Change the value of the AVGTEST attribute to 2000, double what it was before.

Now when you look at the calculated average value at the location of the construction, you will see that after doubling the attribute of the construction, the calculated value has doubled as well (give or take a rounding).

The value calculated has doubled.

We can now put the following facts together:

  • An average is a value calculated as follows: The sum of all values found in the calculation area, divided by the calculation area.
  • The calculated average scales linearly with the value of the object we place. This means that the cells outside the project area do not have a positive or negative value. If they did, the impact of raising or lowering the attribute value would have been more or less impactful.
  • An object at the edge of the project area has a greater impact on the calculated spatial average than a construction in the middle of the project area. This means that either the sum of all values increases as we get closer to the edge, or the surface area we divide by decreases.

We can determine that because the summed value does not change, the surface area used in the calculation must decrease in order to see the higher result. Thus our conclusion is that potential cells outside the project area are not used in the calculation of a spatial average.

Considerations

Note that based on the conclusion we have drawn, you may be tempted to expect the calculated values to match more neatly. Specifically, if the construction in the middle of the map has a full circle around it in which to perform its calculation, the construction in the edge of the map must have a quarter of the area of similar circle, thus the values should differ by a factor of 4. However, due to the layout of the constructions on the grid this is not the case.

Schematic functioning of the grid for spatial averaging calculations. Left: the circle taken into consideration given a specific cell in the middle of the map. Right: the section of the circle taken into consideration when the specific cell is at the corner of the map. Notice the area of the section on the right is not an exact quarter of the section on the left.

Also note that based on the exact size, placement, and rounding of values and polygons, it may be difficult to derive the outcomes seen from the base values without greater insight into the exact interpretations the Tygron Platform makes. This is to be expected, and the approach used here functions regardless of those exact calculations.

Assignments

These assignments are designed to demonstrate further means of experimentation.

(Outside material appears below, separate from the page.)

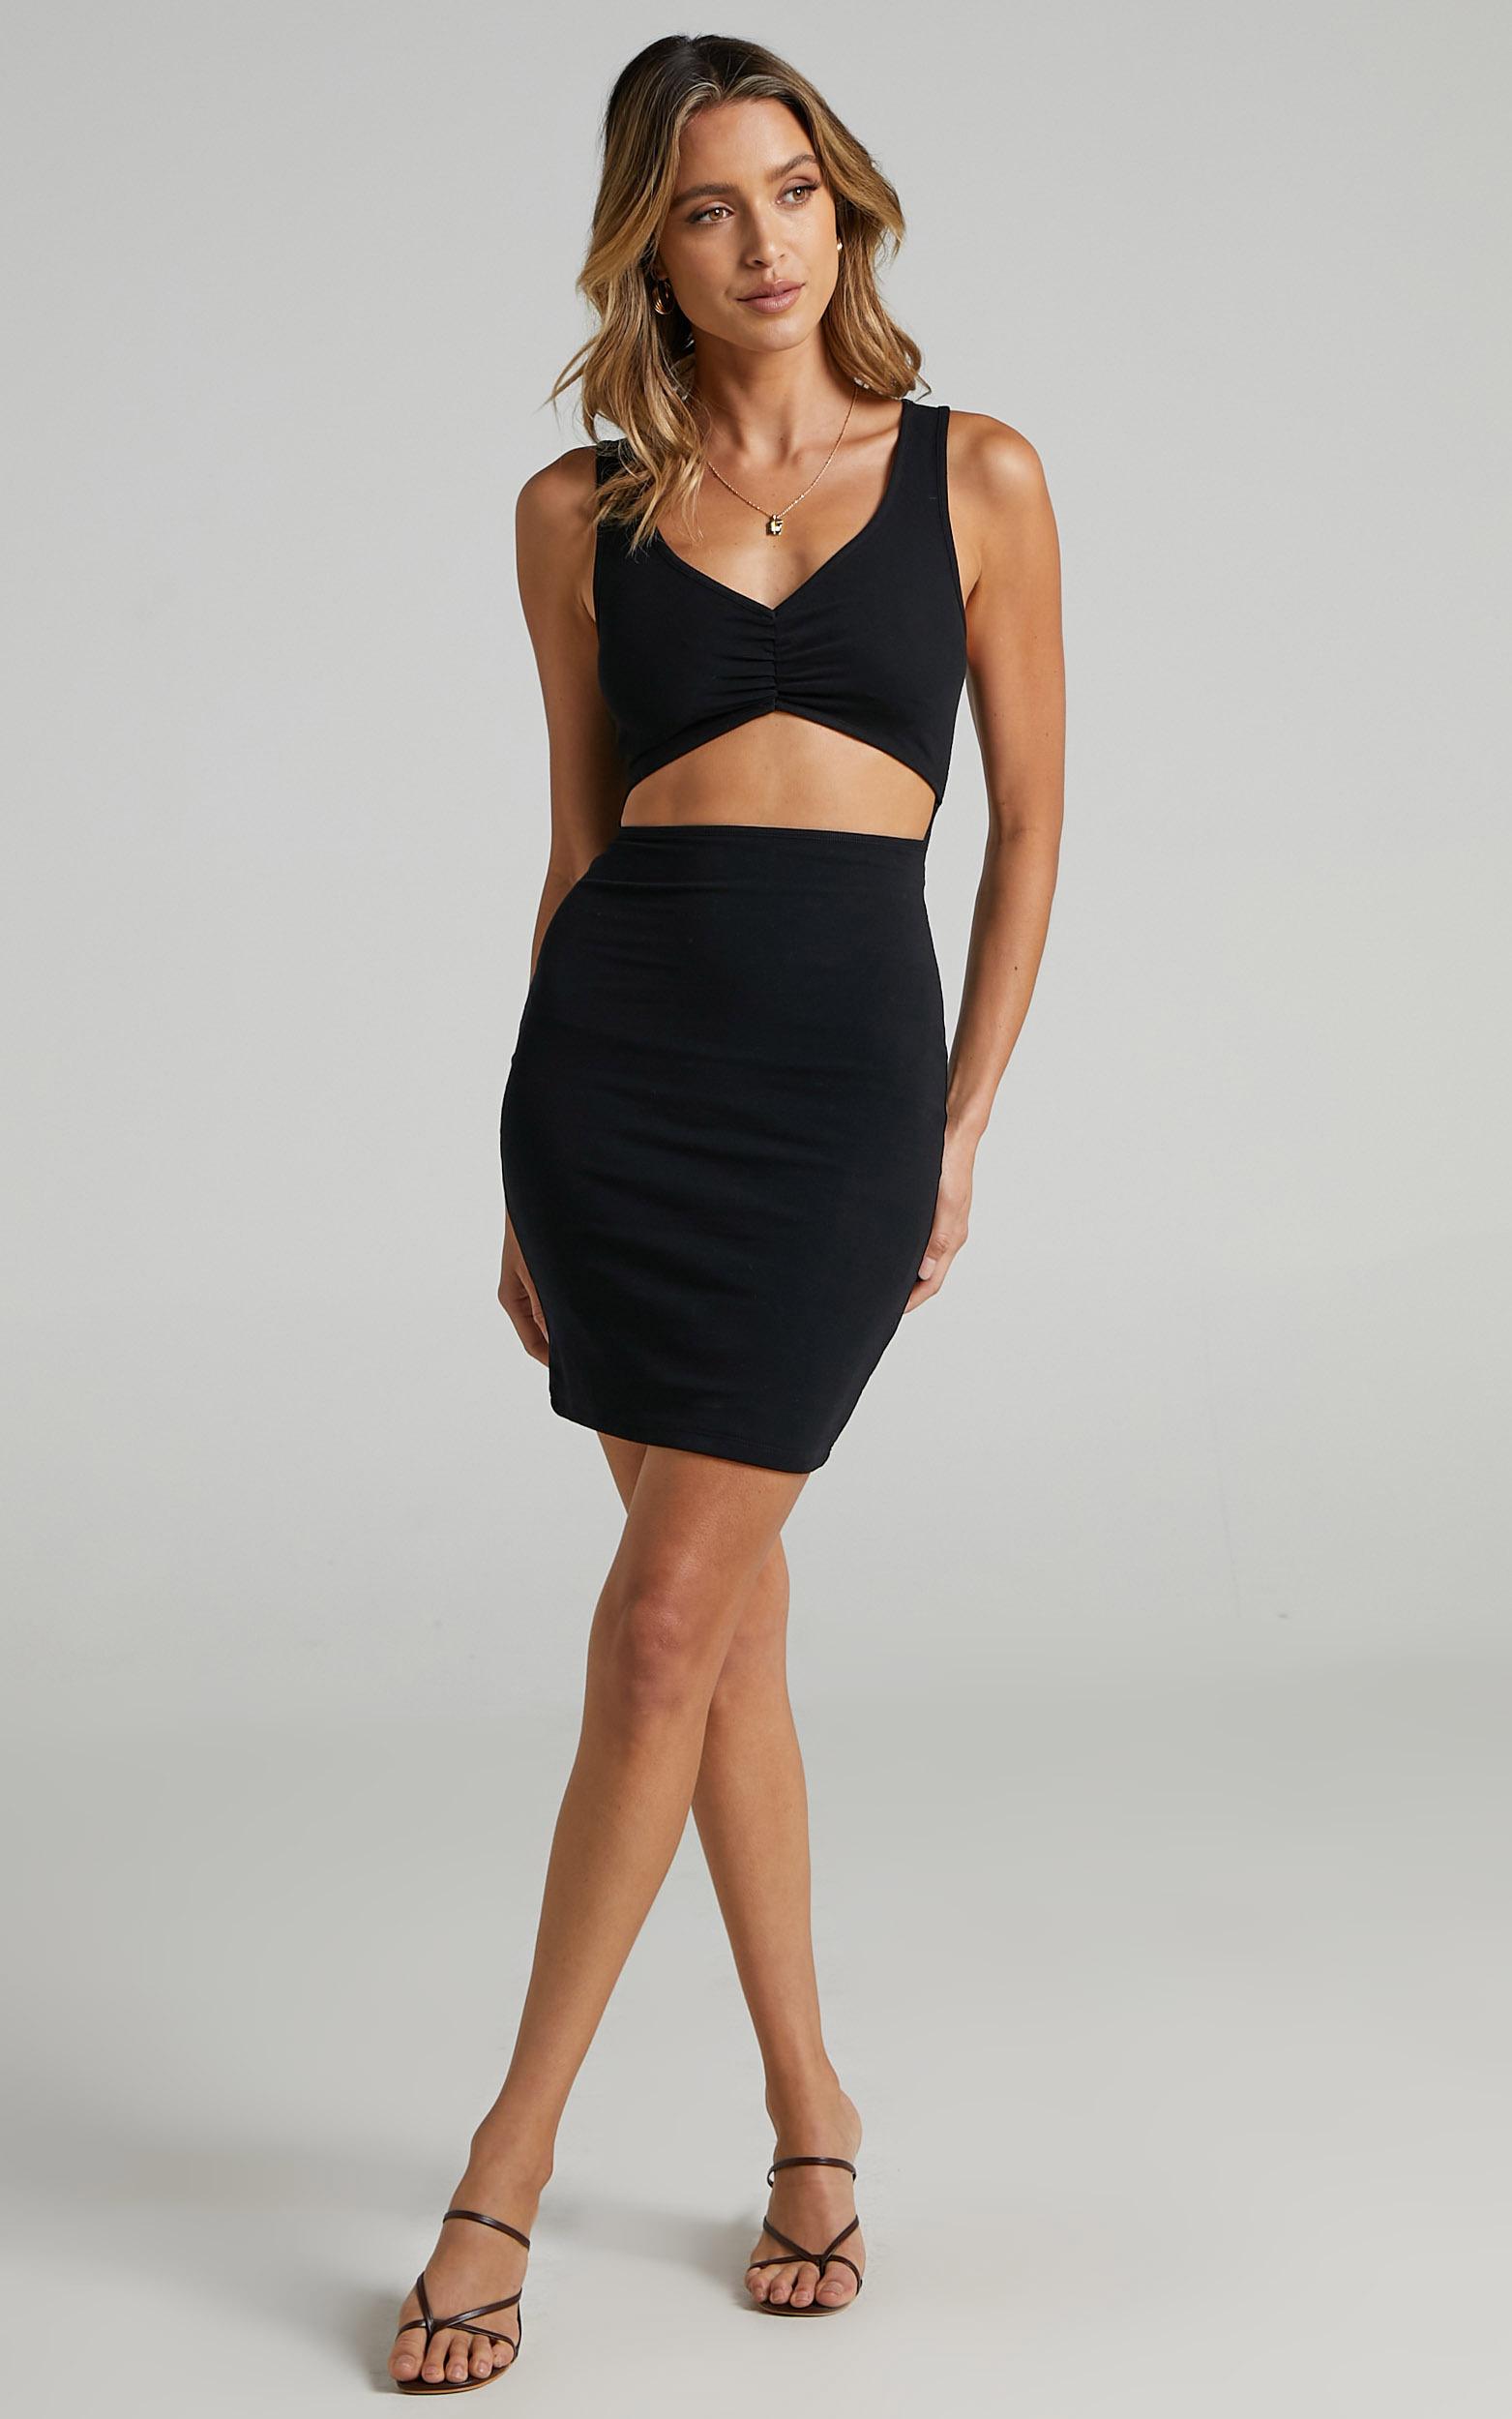 Minx Dress in Black - 06, BLK1, hi-res image number null

  1. Knowing the radius of the spatial calculation is 50m, place a construction with the same attribute and value as close to the edge of the map as possible without the calculated average value differing from the construction in the middle of the project area.
  2. Change the average attribute of the constructions back to 1000, and instead expand both constructions with another block of 10m by 10m. Both constructions should be exactly twice as large as they were.
  3. Knowing the grid cell size is exactly 10m by 10m, find an explanation for the fact that both 'sides' of the construction in the middle of the map have the same calculated average, but the sides of the construction in the corner of the map do not.

Calculation insights

Testbeds, due to their inherent simplicity, can in some cases also be used to retrace exact calculations. The question you're going to investigate now is the size of the inactive border of the flooding overlay's calculation.

The calculation occurs in a grid, but the outer edge of grid cells is inactive. This means that there may be a discrepancy between input for the calculation and the results seen. If the exact number of cells can be determined, this discrepancy can be accounted for.

Either create a new empty project with the same specifications as in the prerequisites, or clean up the project configured during the last assignment by removing the added overlay and construction. Either way, make sure you start with an empty project area again.

Start by adding the overlay we are going to test. Add a flooding overlay to the project.

Add a flooding overlay to the project.

Add an area to the project, covering the complete project area.

Add an area for the complete map.

Add an INUNDATION_LEVEL attribute to the area, set to a value of 2.

Add an area for the complete map.

This area will now cause the flooding overlay to initialize the calculation with a layer of 1 meter of water across the entire project area. (The project area's default height is 1 meter above datum, and the height of the water will be set to 2 meters above datum.)

Activate the flooding overlay, and notice the entire project area is colored blue, indicating the presence of water. Click anywhere in the project area to see a "Flooding" height of 1 meter is calculated. If needed please make sure to calculate the area and overlay with the recalculate button in the upper left corner.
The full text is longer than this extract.